Goal of the exercise:
Copy, word for word, the lines of the listing below from the line with "Price uneven in" up to and including the line with "Berlin, Germany. 23rd". Drop the pictures.

Record set:
::::
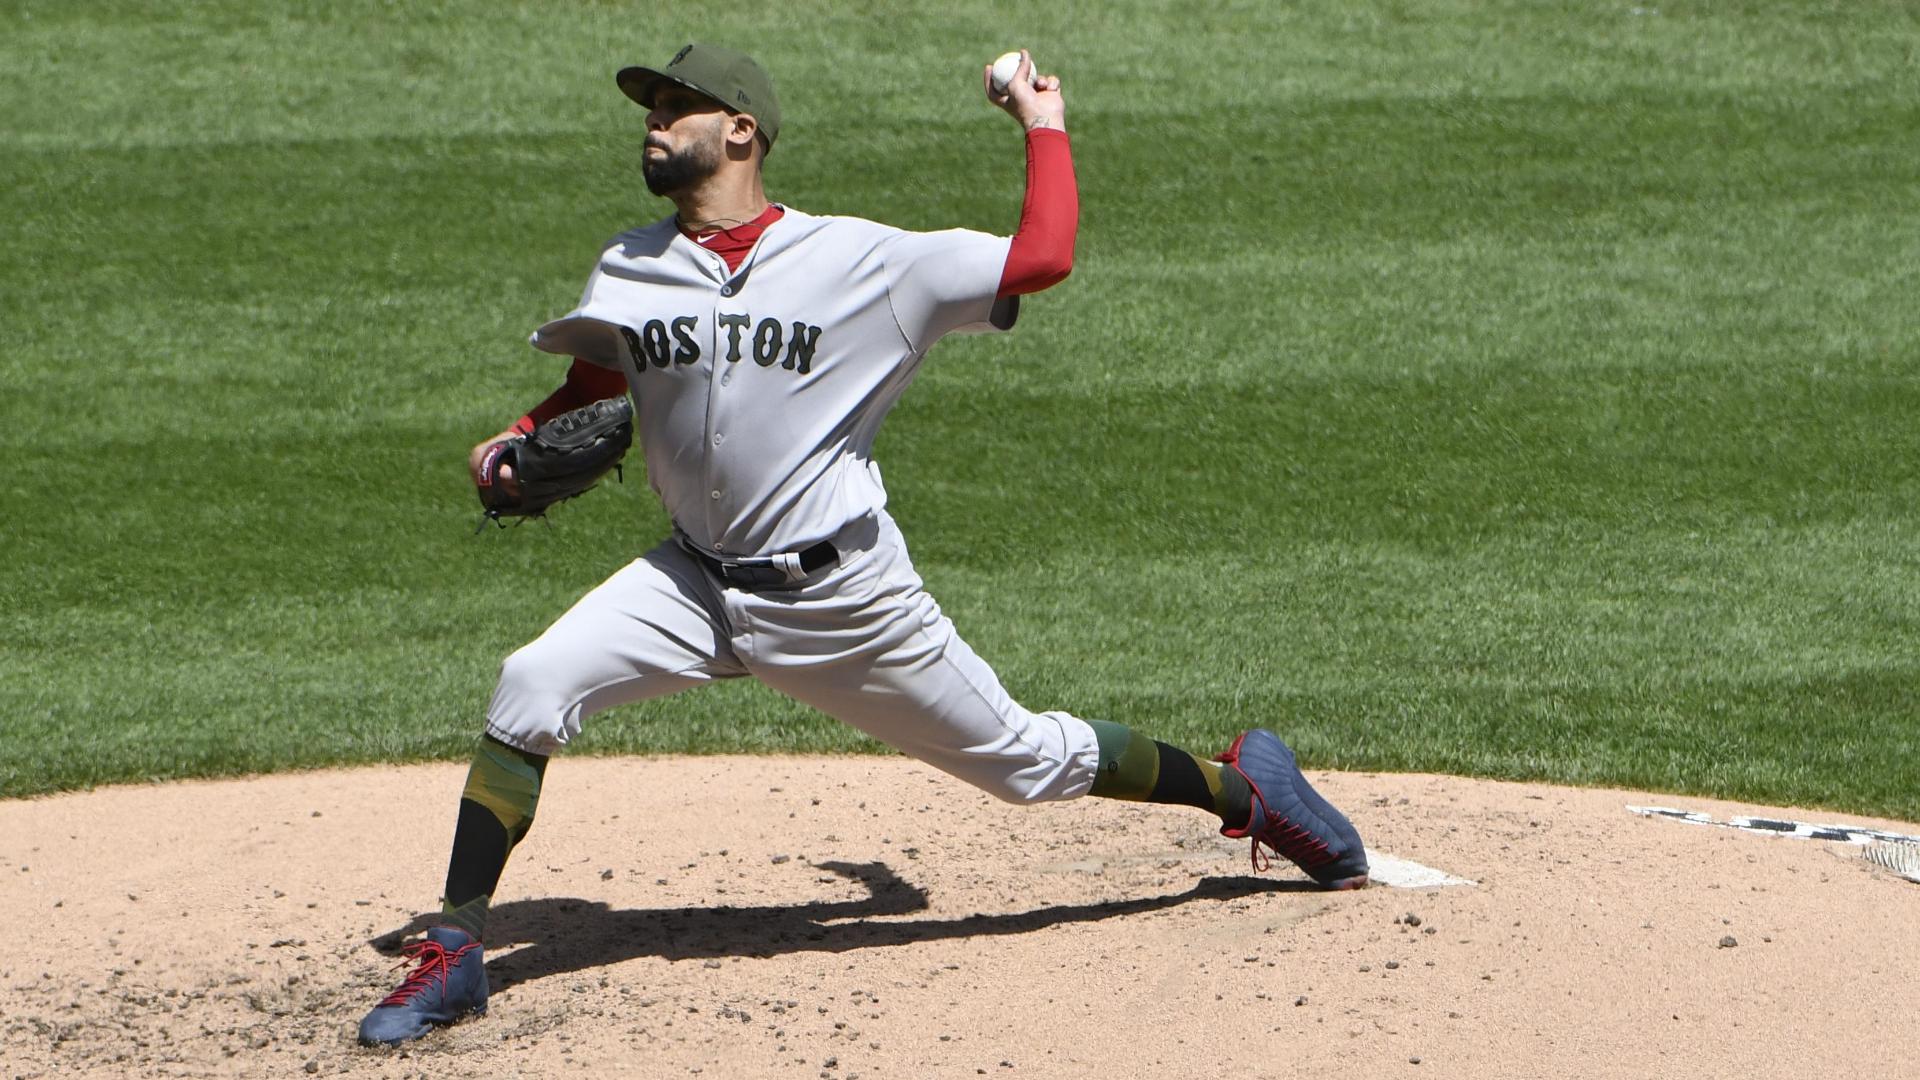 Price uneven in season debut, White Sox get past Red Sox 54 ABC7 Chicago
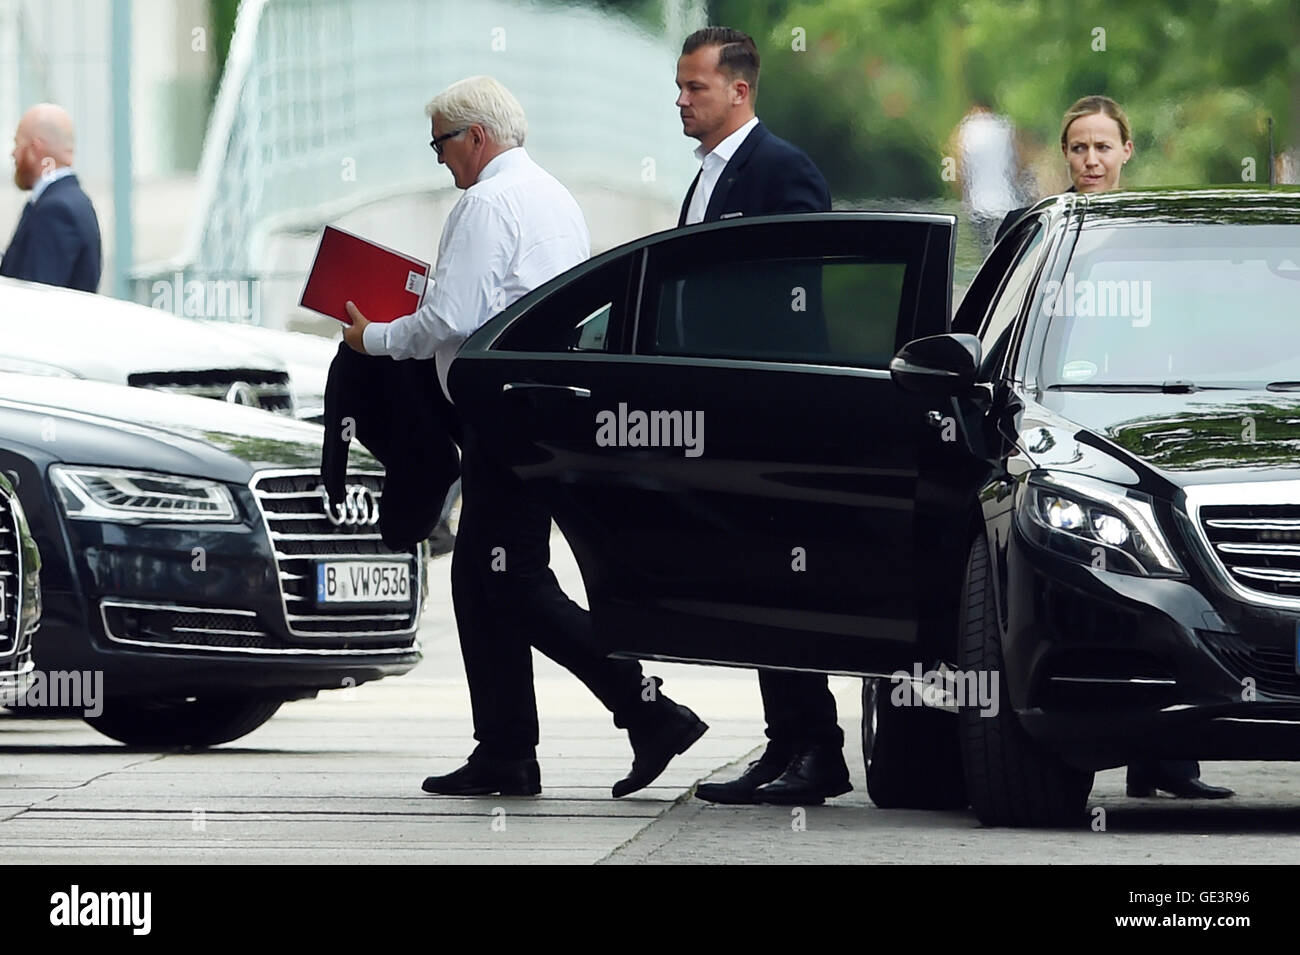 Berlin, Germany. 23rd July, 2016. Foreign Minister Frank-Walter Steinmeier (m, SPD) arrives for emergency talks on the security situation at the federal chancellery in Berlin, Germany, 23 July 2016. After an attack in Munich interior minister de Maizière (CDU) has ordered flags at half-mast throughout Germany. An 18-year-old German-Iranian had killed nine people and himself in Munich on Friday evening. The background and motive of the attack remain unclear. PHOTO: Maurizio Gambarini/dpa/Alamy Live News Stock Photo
::::
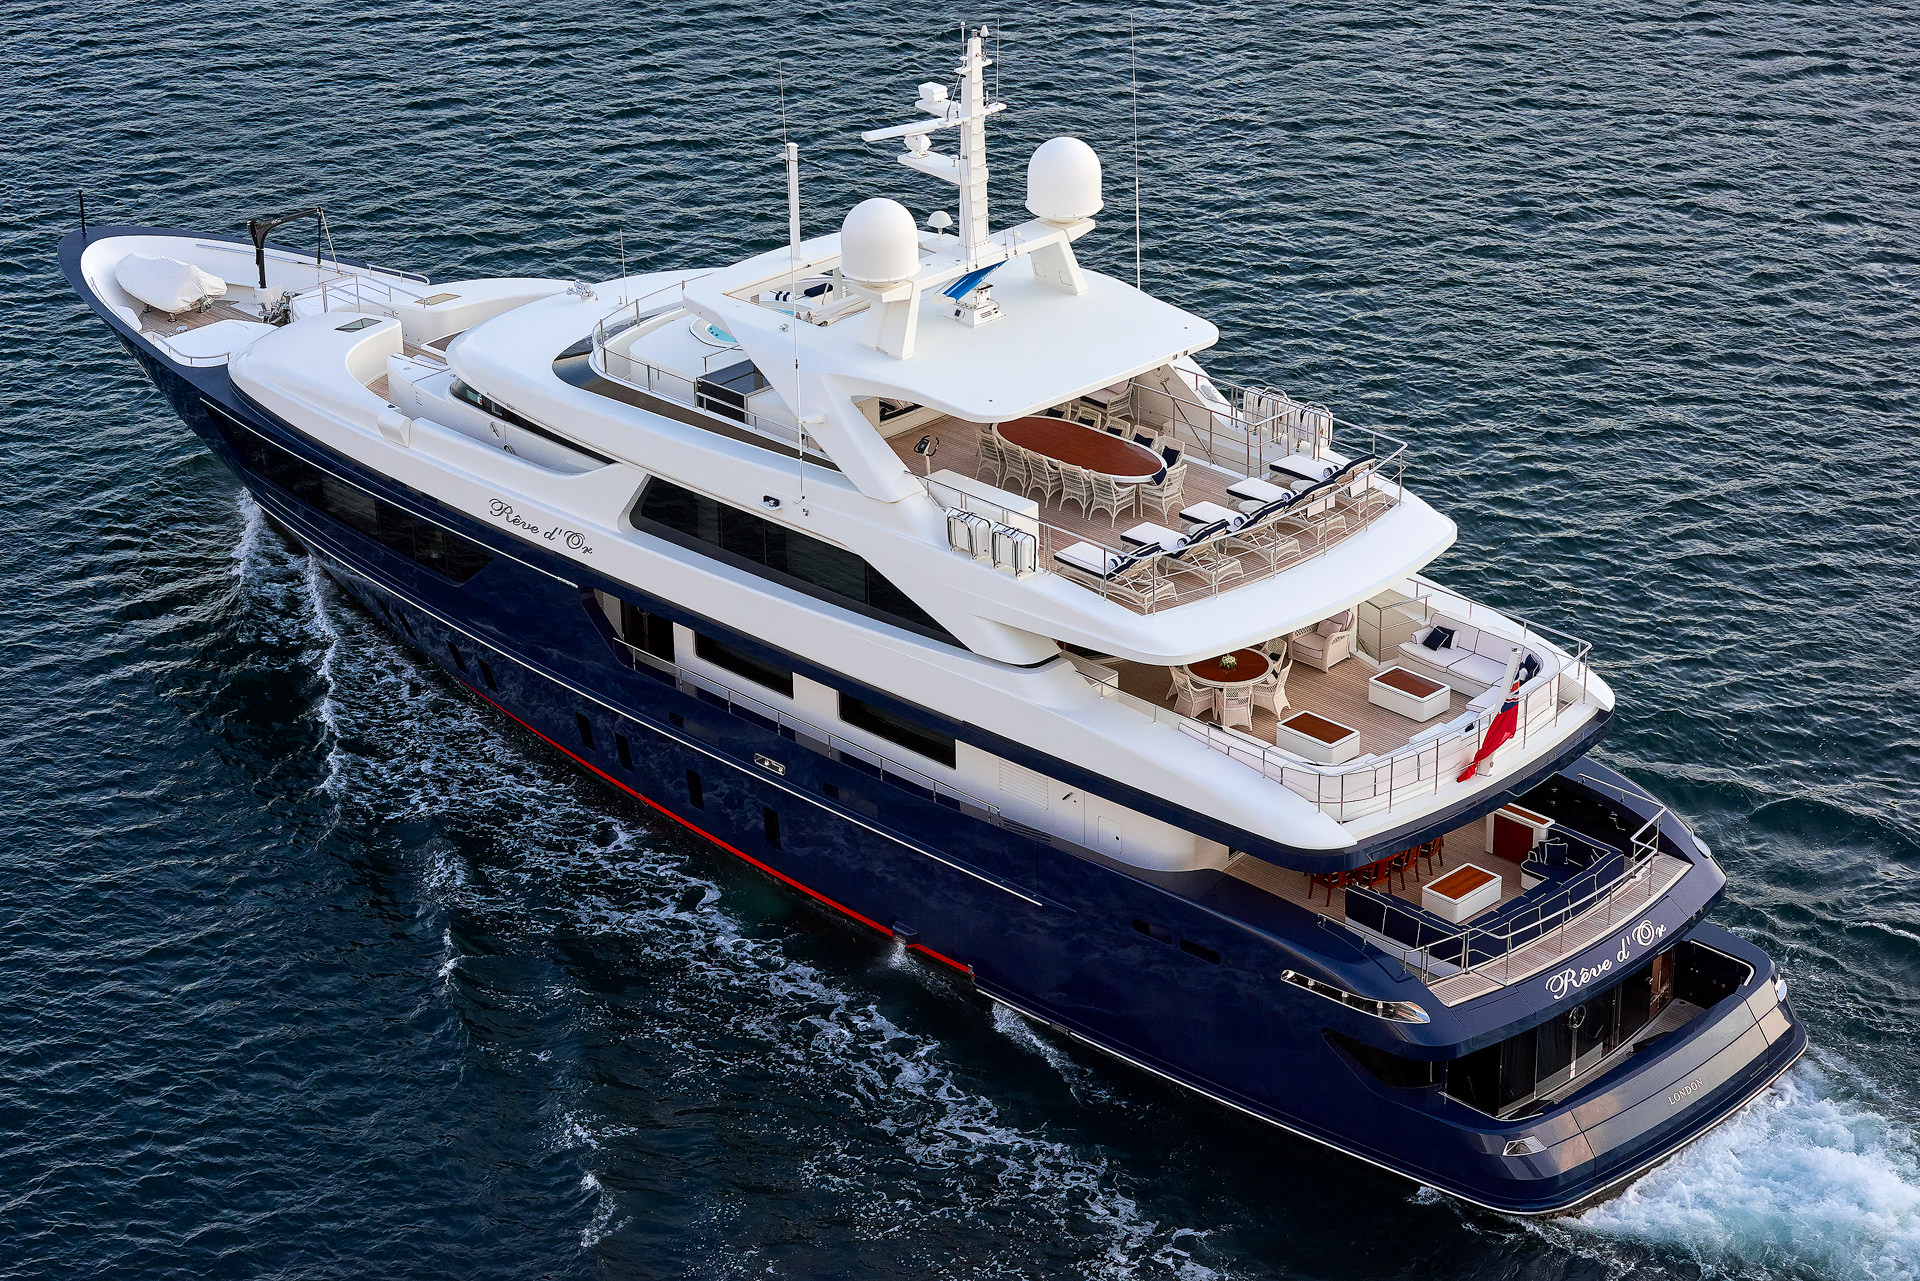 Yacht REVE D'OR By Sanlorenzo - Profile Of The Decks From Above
::::
Final answer:
 Price uneven in season debut, White Sox get past Red Sox 54 ABC7 Chicago
 Berlin, Germany. 23rd July, 2016. Foreign Minister Frank-Walter Steinmeier (m, SPD) arrives for emergency talks on the security situation at the federal chancellery in Berlin, Germany, 23 July 2016. After an attack in Munich interior minister de Maizière (CDU) has ordered flags at half-mast throughout Germany. An 18-year-old German-Iranian had killed nine people and himself in Munich on Friday evening. The background and motive of the attack remain unclear. PHOTO: Maurizio Gambarini/dpa/Alamy Live News Stock Photo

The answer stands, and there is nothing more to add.